SECOND AMENDMENT TO CREDIT AGREEMENT
Exhibit 10.1
SECOND AMENDMENT TO CREDIT AGREEMENT
SECOND AMENDMENT TO CREDIT AGREEMENT (hereinafter referred to as the “Amendment”)
executed to be effective as of September 11, 2007, by and among CARRIZO OIL & GAS, INC., a Texas
corporation (“Borrower”), certain subsidiaries of Borrower, as Guarantors (in such
capacity, “Guarantors”), the LENDERS party hereto (the Lenders”) and JPMORGAN CHASE BANK,
N.A., as Administrative Agent (in its such capacity, “Administrative Agent”). Unless
otherwise expressly defined herein, capitalized terms used but not defined in this Amendment have
the meanings assigned to such terms in the Credit Agreement (as defined below).
WITNESSETH:
WHEREAS, Borrower, Guarantors, Administrative Agent and Lenders have entered into that certain
Credit Agreement, dated as of May 25, 2006 (as amended, supplemented or otherwise modified from
time to time, the “Credit Agreement”); and
WHEREAS, Borrower has requested that Administrative Agent and Lenders amend the Credit
Agreement to, among other things, (i) permit additional investments and (ii) increase the Borrowing
Base and Conforming Borrowing Base; and
WHEREAS, Administrative Agent and Lenders have agreed to do so on the terms and conditions
hereinafter set forth;
NOW, THEREFORE, for and in consideration of the mutual covenants and agreements herein
contained and other good and valuable consideration, the receipt and sufficiency of which are
hereby acknowledged and confessed, Borrower, Administrative Agent and Lenders hereby agree as
follows:
SECTION 1. Amendments to Credit Agreement. Subject to the satisfaction or waiver in writing of
each condition precedent set forth in Section 3 of this Amendment, and in reliance on the
representations, warranties, covenants and agreements contained in this Amendment, the Credit
Agreement shall be amended in the manner provided in this Section 1.
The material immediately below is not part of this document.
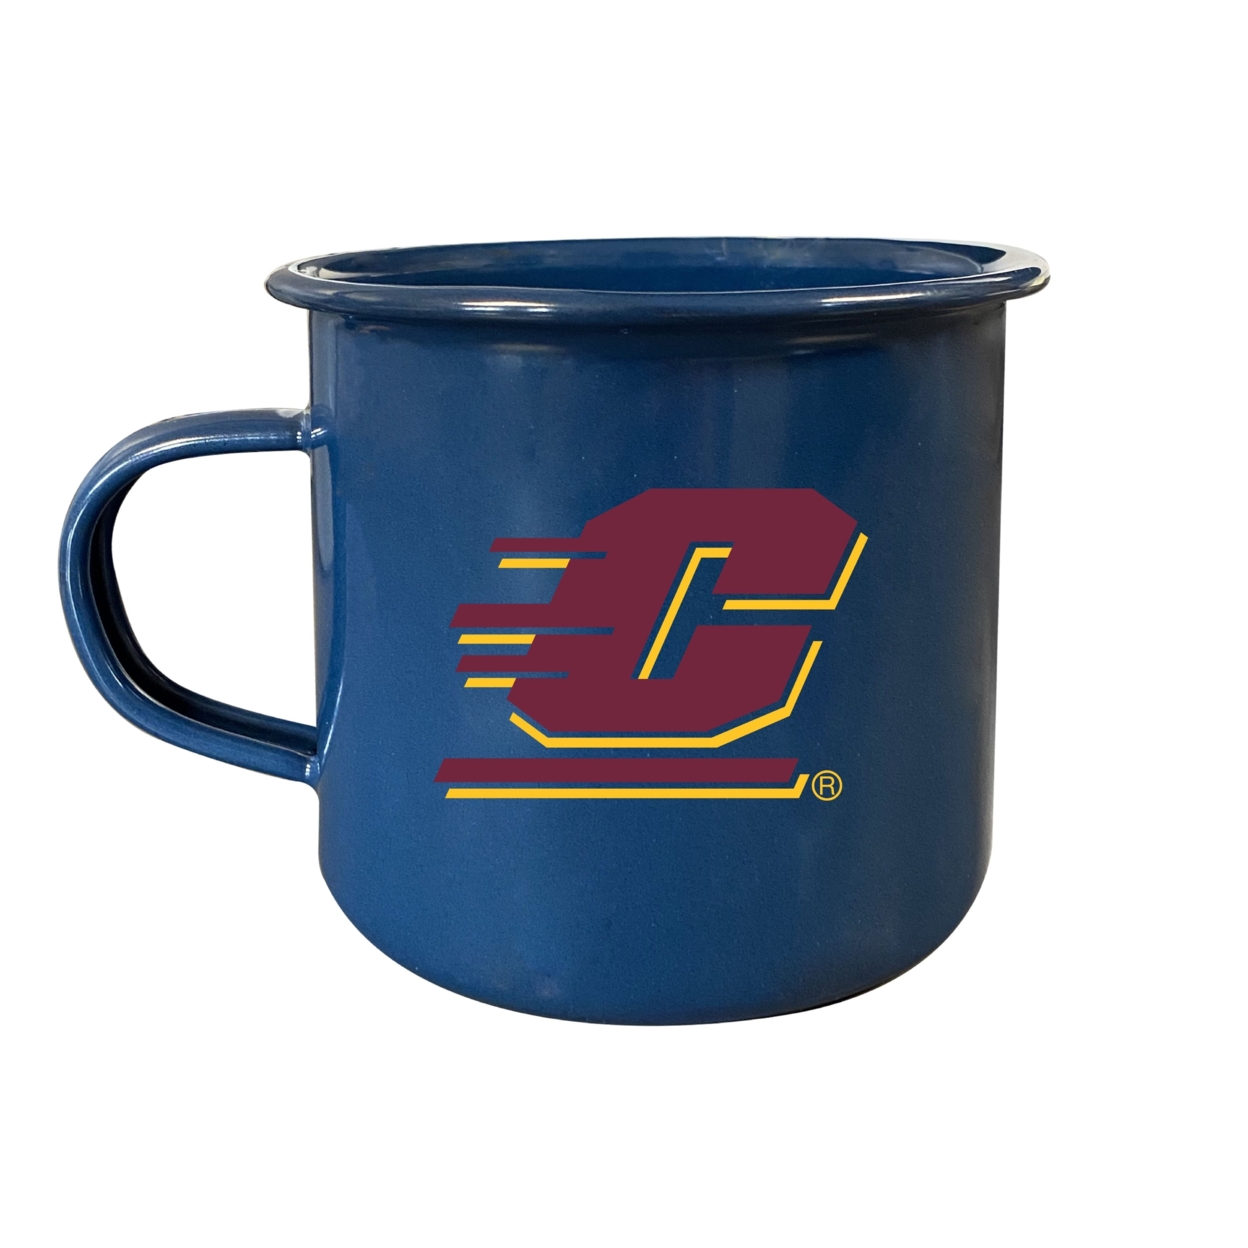 Central Michigan University Tin Camper Coffee Mug - Choose Your Color - White

1.1 Additional Definitions. The following definitions shall be and they hereby are added to
Section 1.01 of the Credit Agreement in appropriate alphabetical order:
“Conforming Date” means November 1, 2008.
“Second Amendment Effective Date” means September 11, 2007.
1.2 Amended Definitions. The following definitions in Section 1.01 of the Credit
Agreement shall be and they hereby are amended in their entirety to read as follows:
“Borrowing Base Usage” means, as of any date and for all purposes, the quotient,
expressed as a percentage, of (i) the Aggregate Credit Exposure as of such date, divided by
(ii) the Conforming Borrowing Base as of such date.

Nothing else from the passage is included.